Let’s test whether neuron cell density is associated with BMI
Research Question: Is neuron cell density (M/g) associated with BMI?
Hypotheses:
Null Hypothesis (H0): There is no correlation between neuron cell density with BMI.
Alternate Hypothesis (H1): There is correlation between neuron cell density with BMI.
As part of good data exploration, we should plot this association:
plot(Alzheimers$neurons ~ Alzheimers$BMI,
ylab = "Neuron cell density (m/g)", xlab = "BMI", las = 1)
Check statistical test assumptions
For the Pearson’s correlation there are a few assumptions:
Assumption 1: Variables must be continuous - check using str()
str(Alzheimers)'data.frame': 200 obs. of 5 variables:
$ neurons: num 22.4 19.4 25.5 12.8 25.7 ...
$ group : chr "Asymptomatic" "Asymptomatic" "Asymptomatic" "Asymptomatic" ...
$ sex : chr "M" "M" "M" "M" ...
$ age : num 68 76 67 73 62 71 62 63 73 72 ...
$ BMI : num 21.6 22.2 22.8 21.8 23.7 ...Assumption 2: Variables are approximately normally distributed - check using hist() and qqnorm()
IMPORTANT: We must check each variable separately. Let’s check neurons, then BMI:
par(mfrow=c(1,2))
hist(Alzheimers$neurons, main = "Histogram",
xlab = "Neuron cell density (m/g)", las = 1)
qqnorm(Alzheimers$neurons); qqline(Alzheimers$neurons)
hist(Alzheimers$BMI, main = "Histogram", xlab = "BMI", las = 1)
qqnorm(Alzheimers$BMI); qqline(Alzheimers$BMI)
Both look to be normally distributed
Assumption 3: There should be a linear relationship between both variables - check by plotting the association:
Let’s start by plotting the data.
Then, we can add a line to the plot using the abline() function
Specifically, the following abline() function adds a line of best fit to the model - technically its the result of a linear model, which is what the function lm() means.
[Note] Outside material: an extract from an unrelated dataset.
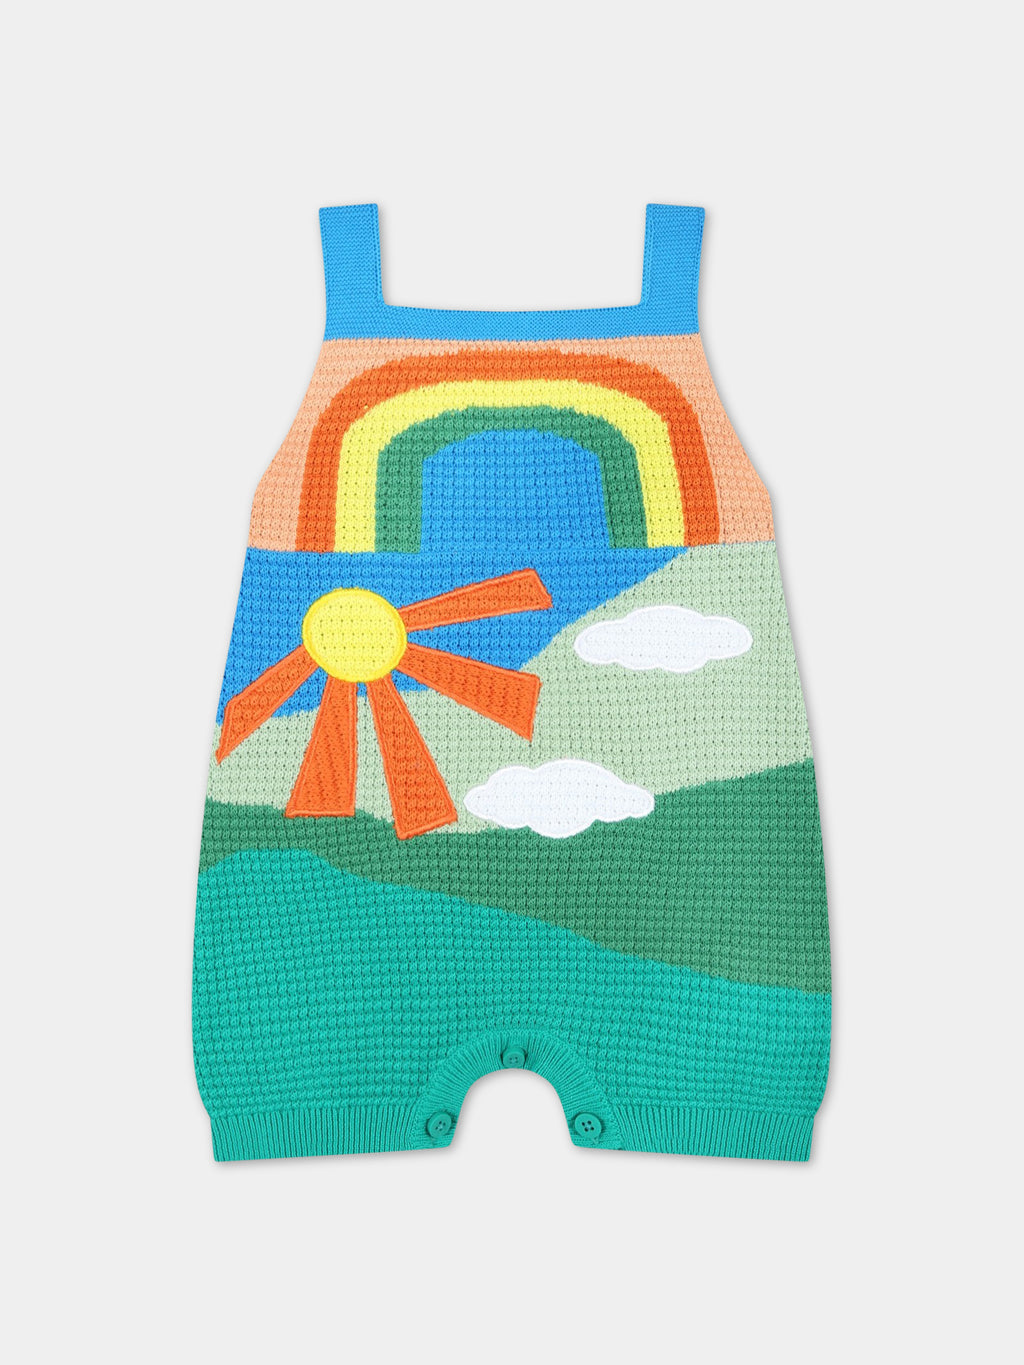 Salopette multicolore pour bébé fille avec nuages et soleil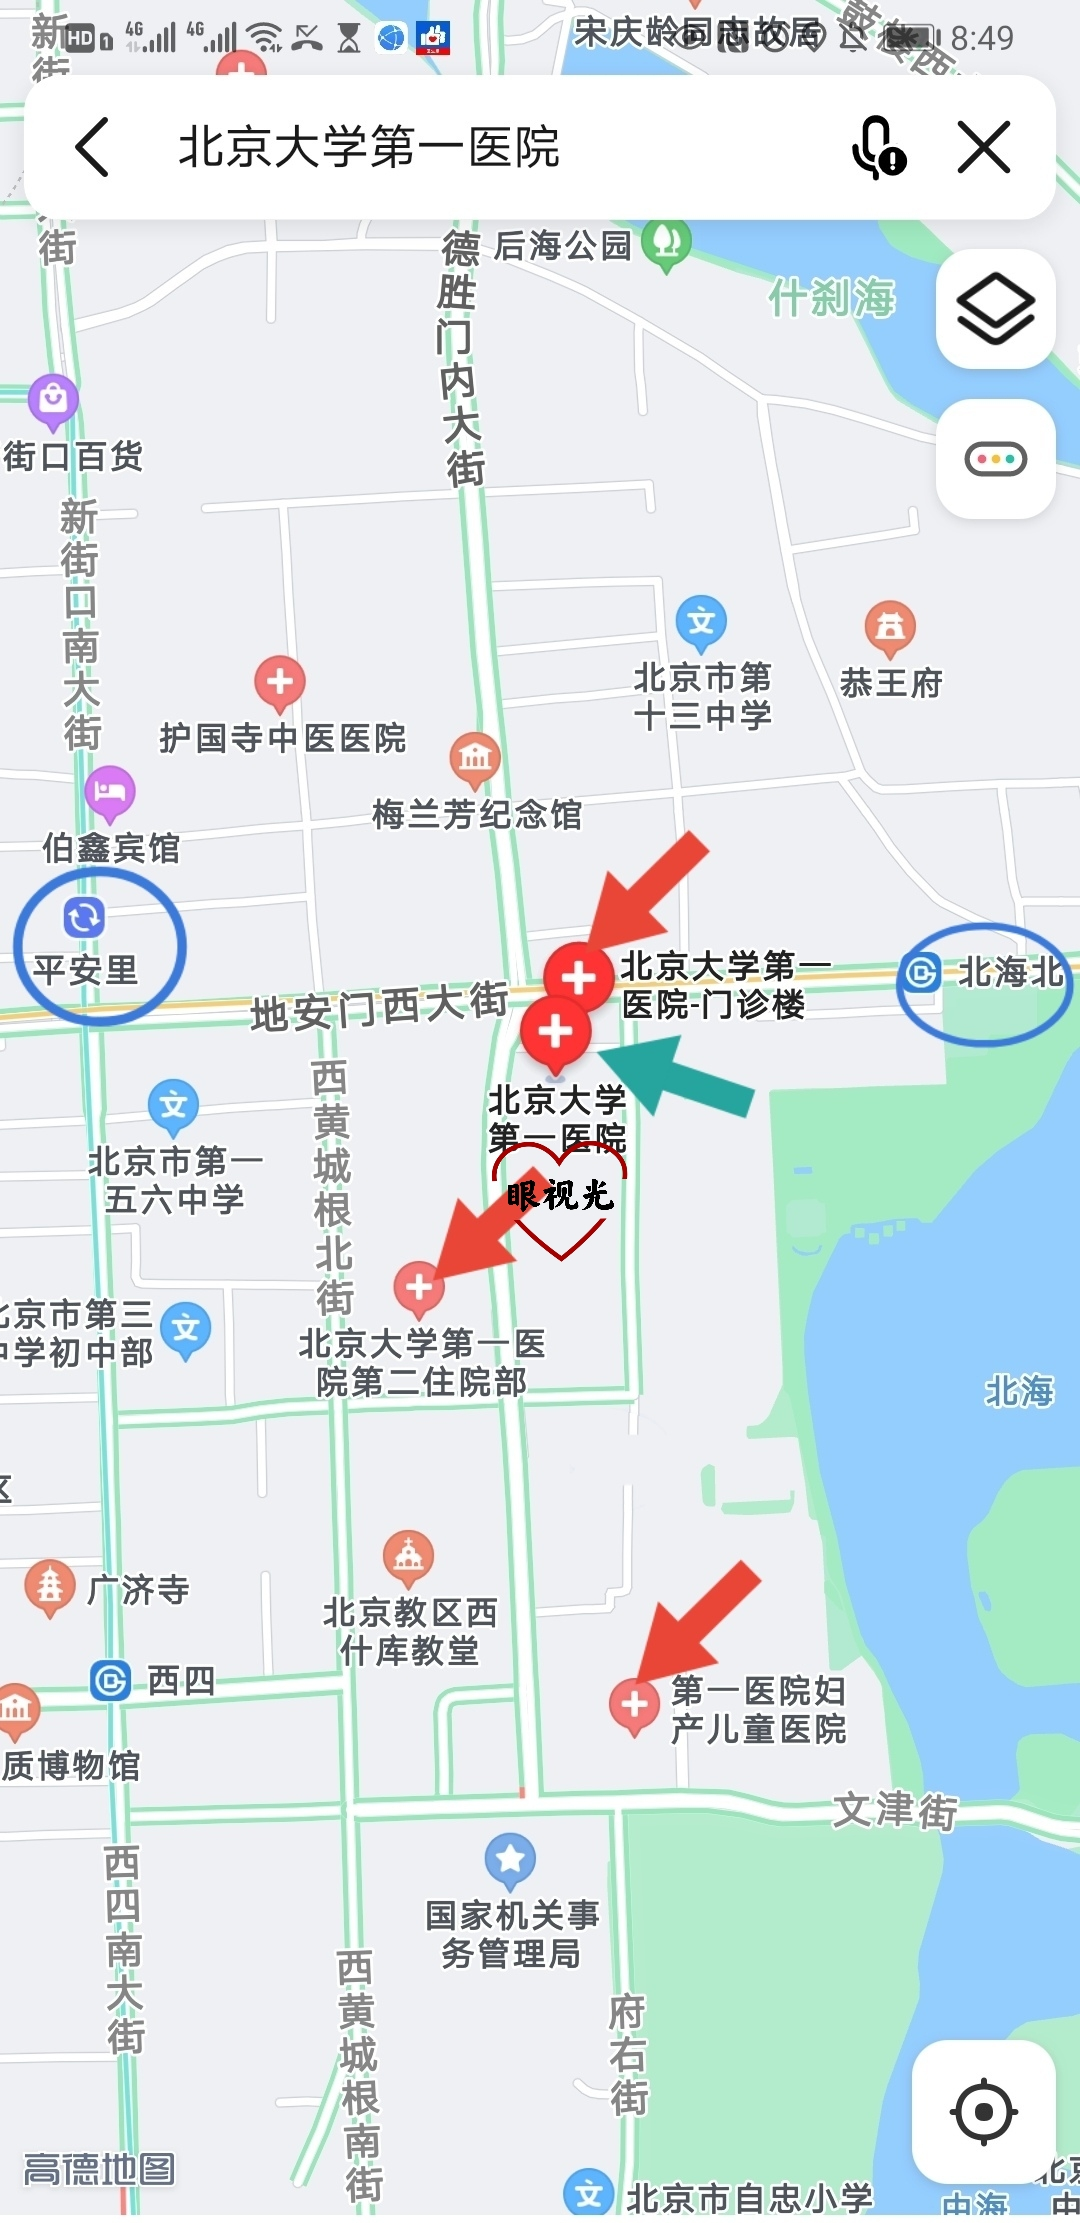 关于北京大学第一医院号贩子挂号,安全快速有效的信息

You will learn linear models next year:
par(mfrow=c(1,1))
plot(Alzheimers$neurons ~ Alzheimers$BMI, ylab = "Neuron cell density (m/g)", xlab = "BMI", las = 1)
abline(lm(Alzheimers$neurons ~ Alzheimers$BMI), lwd = 2)
There does appear to be a consistent, linear pattern (it looks to have a negative correlation).
Assumption 4: The data have no outliers - boxplots are good for this:
par(mfrow=c(1,2))
boxplot(Alzheimers$neurons, las = 1, ylab = "Neuron cell density (m/g)")
boxplot(Alzheimers$BMI, las = 1, ylab = "BMI")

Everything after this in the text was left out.